NCT07547033 · Status: NOT_YET_RECRUITING · Phase: NA · Type: INTERVENTIONAL · Enrollment: 150

Last updated 2026-04-23

No results posted yet for this study

Summary

"Pancreatic cancer, especially pancreatic ductal adenocarcinoma, is one of the most serious and deadly cancers. Its outlook is very poor, with fewer than 10% of patients surviving five years after diagnosis. This is largely because the disease is often discovered at a late stage and because it frequently comes back even after surgery.

When the tumor is located in the head of the pancreas, the only treatment that can potentially cure the disease is a major operation called a pancreaticoduodenectomy, also known as the Whipple procedure. This surgery is now safely performed in specialized hospitals, but it remains complex and carries a high risk of complications. Importantly, even after surgery, cancer cells often remain, leading to a high rate of local recurrence.

A newer surgical technique, known as the "artery-first" approach, changes the order of the operation. By carefully exposing a major blood vessel near the pancreas at the beginning of the surgery, surgeons can better assess whether the tumor can be completely removed and can improve the precision of the operation.

This research protocol aims to compare this artery-first technique with the standard surgical approach. The goal is to determine whether starting the operation by addressing the artery allows for more complete tumor removal and reduces the risk of cancer coming back in patients with pancreatic cancer of the head of the pancreas."

Conditions

Interventions

PROCEDURE

SMA-first pancreaticoduodenectomy using either right posterior or anterior approach.

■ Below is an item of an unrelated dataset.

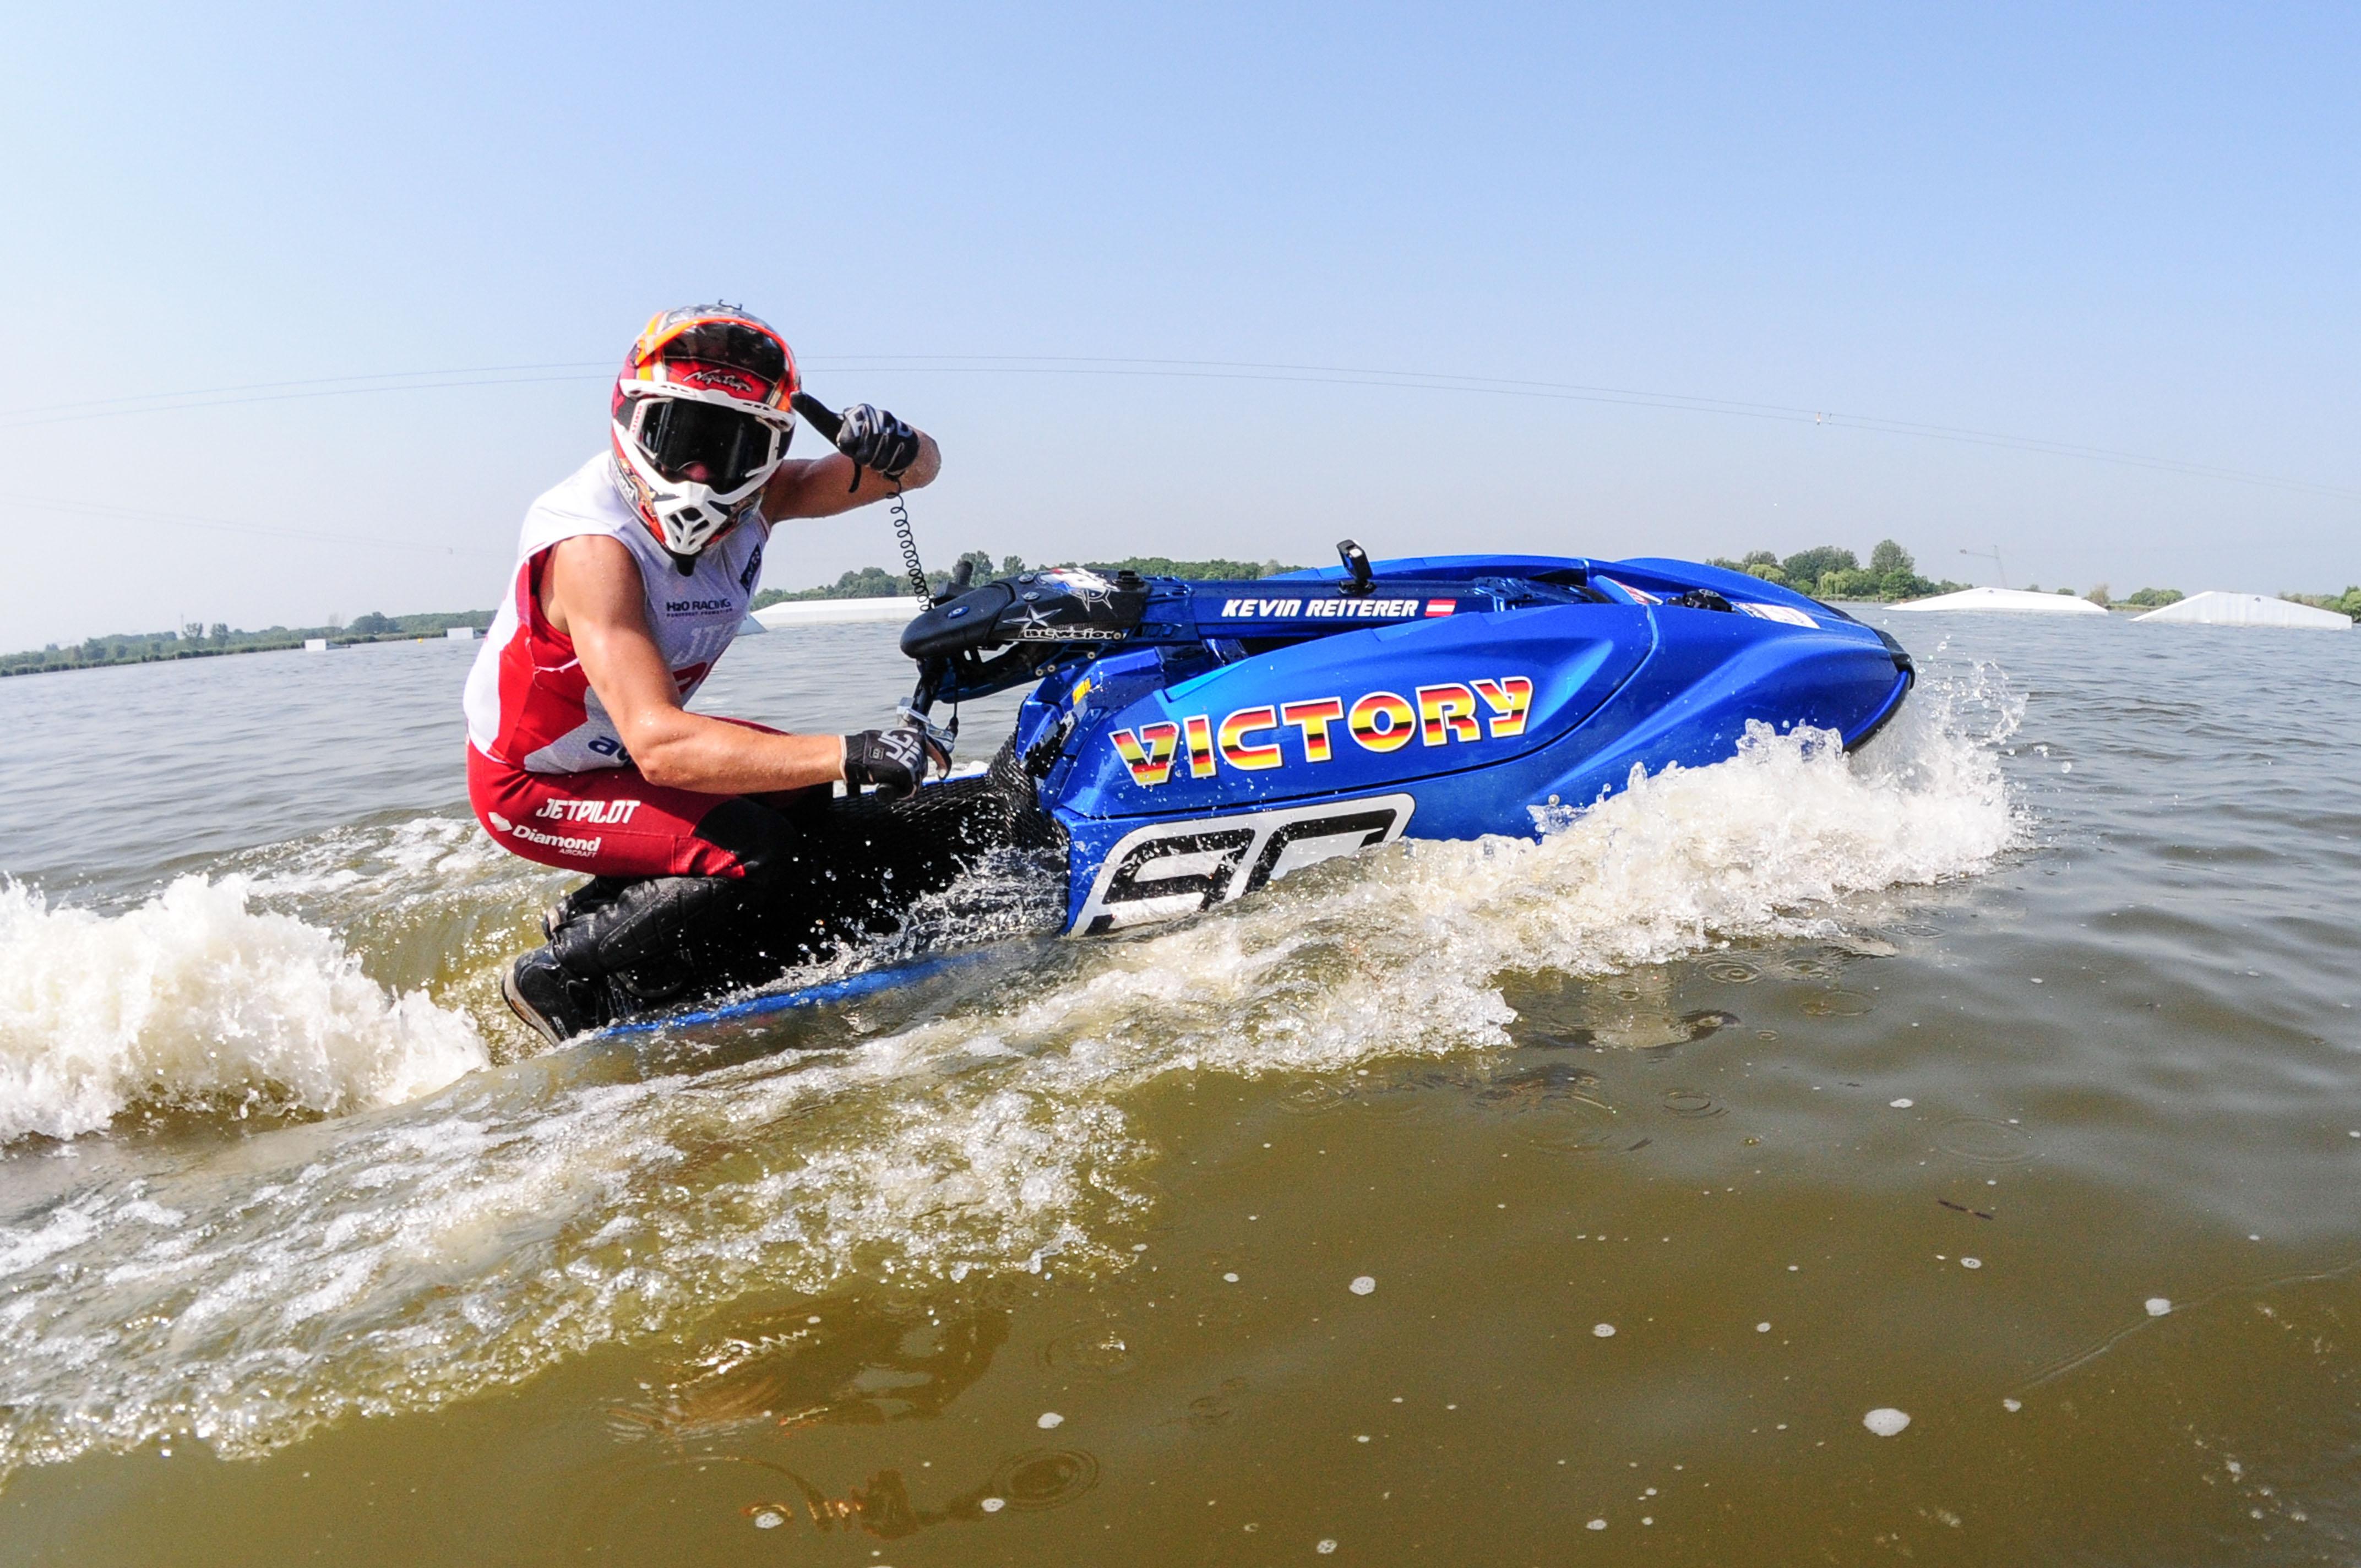 Victory Team Participates in Aquabike World Championship

SMA identified and isolated with peri-adventitial dissection before any irreversible section.

Before any irreversible gesture, the surgeon identifies and isolates the superior mesenteric artery and dissects nerve plexus and nodes on the right side up to the SMA origin (right posterior or anterior approach).

PROCEDURE

Conventional pancreaticoduodenectomy without prior isolation of the SMA; antero-posterior approach of the uncinate process after pancreatic section.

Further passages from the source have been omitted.